Top down regulation of motivated behaviors by lateral septal integration of cortico-hippocampal inputs

How does cognition regulate innate “low-level” behaviors? While the cognitive functions of the prefrontal cortex (PFC) and hippocampus have been extensively studied, we know much less about their ability to regulate the activity of the various hypothalamic nuclei controlling motivated behaviors (sociability, aggression, mating, feeding). Living in society nonetheless requires that our past experiences and decision-making exert some degree of control over our “basic” behaviors. The lateral septum (LS) -receiving inputs from PFC and hippocampus and projecting primarily to the hypothalamus- is ideally positioned to integrate cognitive information and, in turn, regulate motivated behaviors. Thus I characterized in mice a novel circuit by which hippocampal CA2 projections to LS result in disinhibition of an aggression-promoting nucleus of the hypothalamus. I also showed that vasopressin enhances aggression through presynaptic facilitation of CA2 inputs to LS. Using this study as a blueprint, I will determine the logic by which LS integrates and compute cognitive inputs to regulate other motivated behaviors. As motivated behaviors depend on internal states, I will also explore how modulatory inputs (vasopressin, dopamine, serotonin) from subcortical brain regions to LS can regulate its function. Finally, since hippocampus, PFC and LS are implicated in several psychiatric disorders associated with altered social behaviors (schizophrenia, autism or bipolar disorder), insights into how these regions regulate motivated behaviors are critical for understanding both basic neural mechanisms as well as how disease processes lead to altered social interactions. This project therefore also aims to unravel potential changes occurring in disorders associated with social behavioral deficits with the ultimate goal of providing new therapeutic targets for disease treatment. Thus my study may suggest new approaches to treat abnormal social cognition associated with psychiatric disorders.
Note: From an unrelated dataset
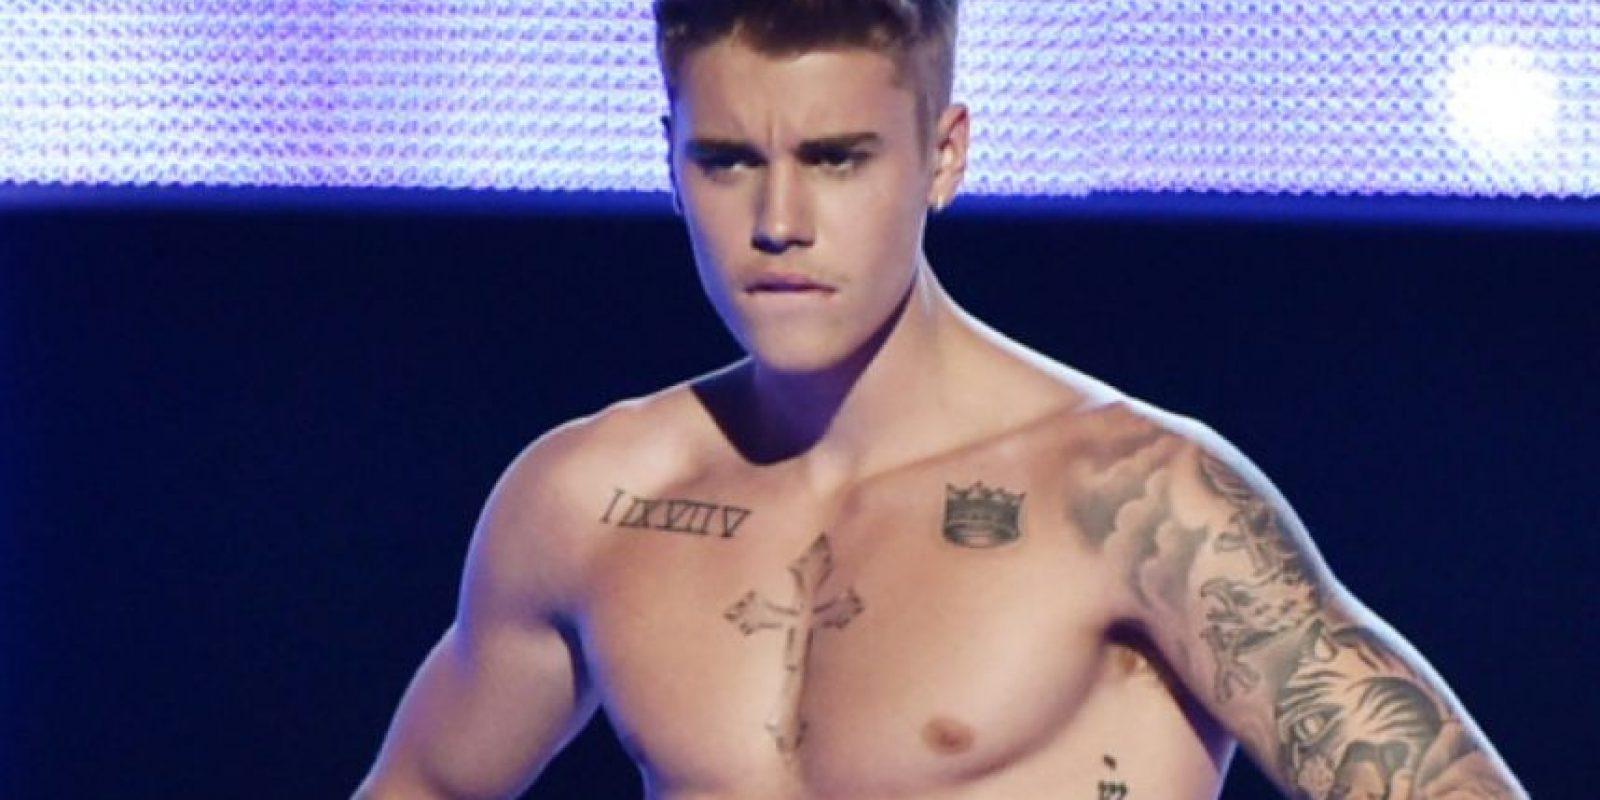 """En el documental """"Never Say Never"""", Justin hace una broma con la palabra """"nigger"""". Uno de los fans se queja: """"Bieber se pasó. No debió usar esa palabra ni siquiera bromeando"""". Foto:vía Getty Images"""

We first investigated a neuromodulatory projection from the pre-frontal cortex (PFC) to the lateral septum. Corticotropin-releasing hormone (CRH)-expressing neurons from the infra-limbic area of the PFC are activated by social familiarity cues from the ventral hippocampus and release CRH in the lateral septum to disinhibit it and suppress social interaction with familiar mice. This participates in the social novelty preference exhibited in many adult rodents. Unlike adult rodents, young rodents display preference for their own siblings and mother over novel individuals. The work of Hepper (1983) and others have shown that this preference shifts during the post-natal period to allow adult rodents to display social novelty preference. Our study further demonstrates how the maturation of CRH expression during the first two post-natal weeks enables a developmental shift from a preference for littermates in juveniles to a preference for novel mice in adults.
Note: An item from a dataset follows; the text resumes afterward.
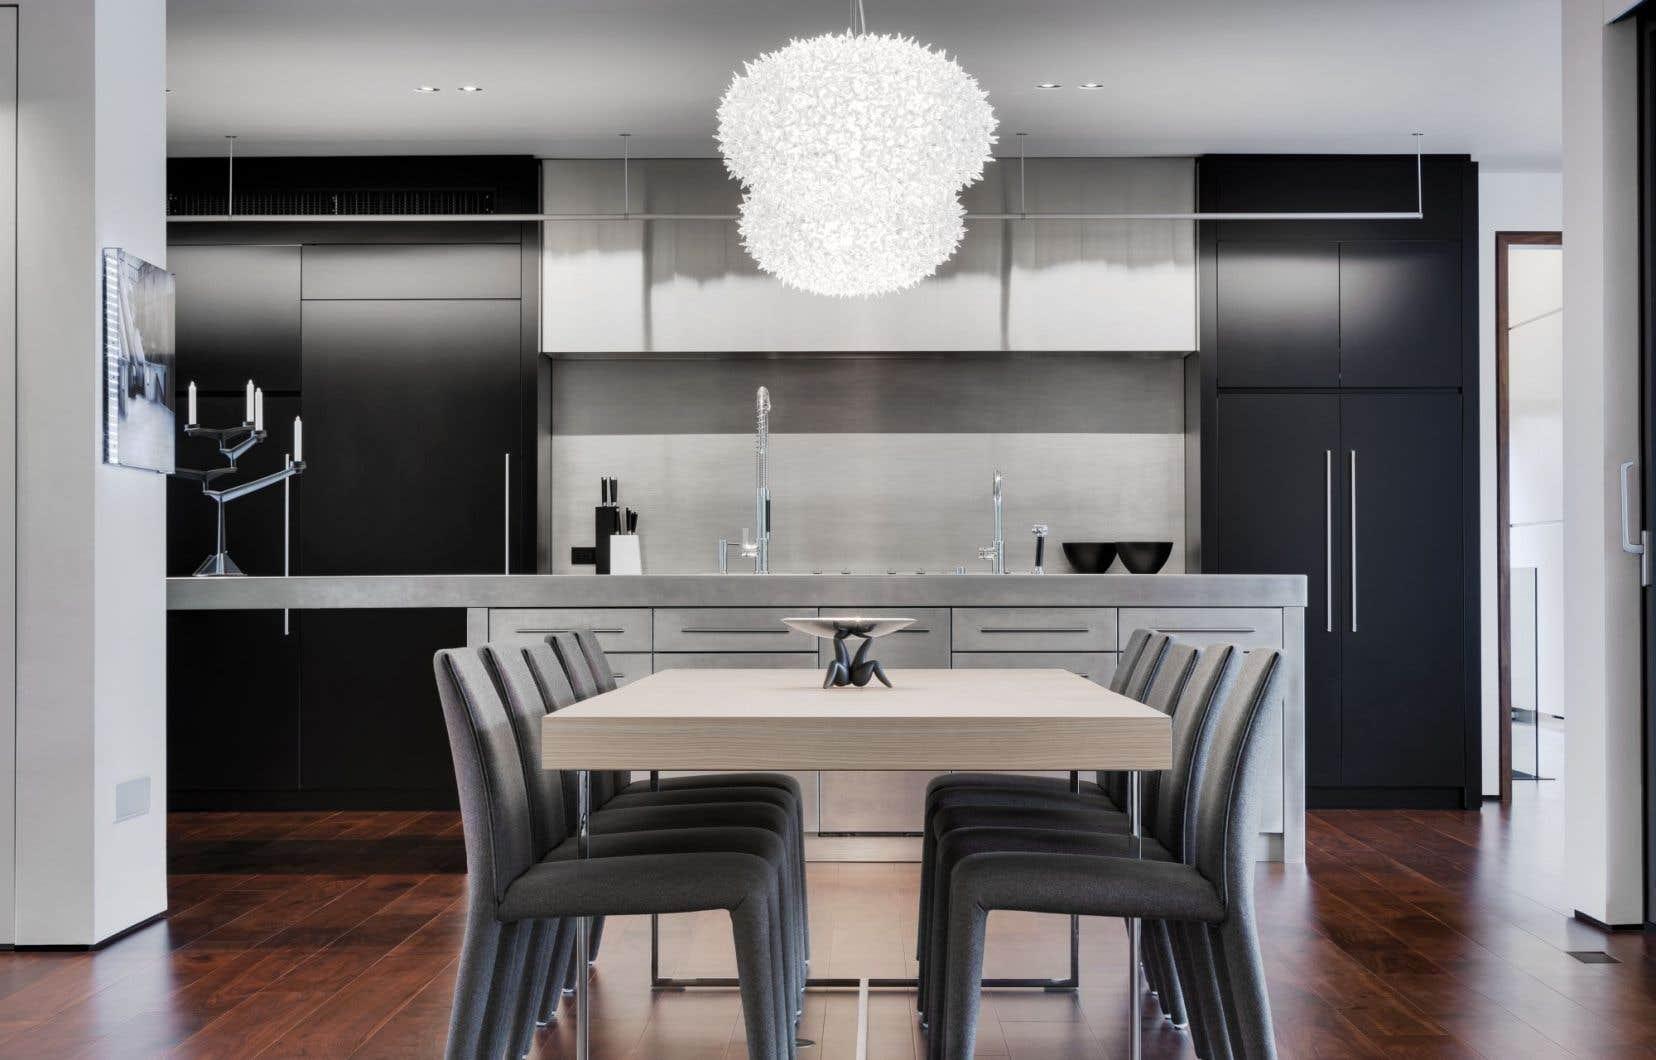 Réalisé en 2012, le projet Iron Lace, de la firme Desjardins Bherer, a été couronné l'année suivante d'un Grand Prix du design dans la catégorie Espace résidentiel de plus de 3200 pi2.

In another project, we characterized a novel projection from the bed nucleus of the stria terminalis to the lateral septum and demonstrated its role in sociability and social aggression. We further demonstrated that this projection was impaired in a mouse model of psychiatric disease associated with impaired social behaviors.

In a third project, we leveraged snRNAseq of the septum to identify dysregulated neuronal clusters in a mouse model of schizophrenia. We identified several dysregulated clusters as well as neuronal markers to target them. We then leveraged Cre-specific mouse lines to investigate the function of these LS neurons in WT mice.

To the best of our knowledge, our study of CRH release in LS is the first one linking the recall of a social memory (social familiarity detection) to the behavioral read-out (decreased interaction time). We believe our results to be of particular significance as social preference, the decision to interact with one member of the same species over another, is a key feature of optimizing social interactions. In addition, impaired social interactions are often associated with the onset of many psychiatric disorders and the regions implicated in our study are known to be dysregulated during psychiatric disorders. We therefore believe our findings to have potential translational applications for the development of new treatments of social anxiety disorders, including separation or avoidant personality disorders which are associated with an aversion for social interactions with novel individuals. Furthermore, CRH has been involved in various anxiety disorders, including social phobia. This led us to propose that lower CRH levels in the PFC might prevent patients from seeking novelty. We are now investigating several identified LS populations to understand how they integrate cortical inputs and branch out to the hypothalamus in order to orchestrate motivated behaviors. We also intend to submit a proof-of-concept grant aiming at testing, in rodent models, new treatments for social anxiety disorders such as separation anxiety or avoidant personality disorders,

We are also finalizing 2 separate studies of mouse models of psychiatric diseases, trying to rescue impaired social behaviors. To do this, we are leveraging the results obtained previously in WT mice regarding neuronal and neuromodulatory septal circuits regulating social behaviors. We expect these results to have significant translational implications to treat the abnormal social behaviors exhibited by many patients affected with mental disorders.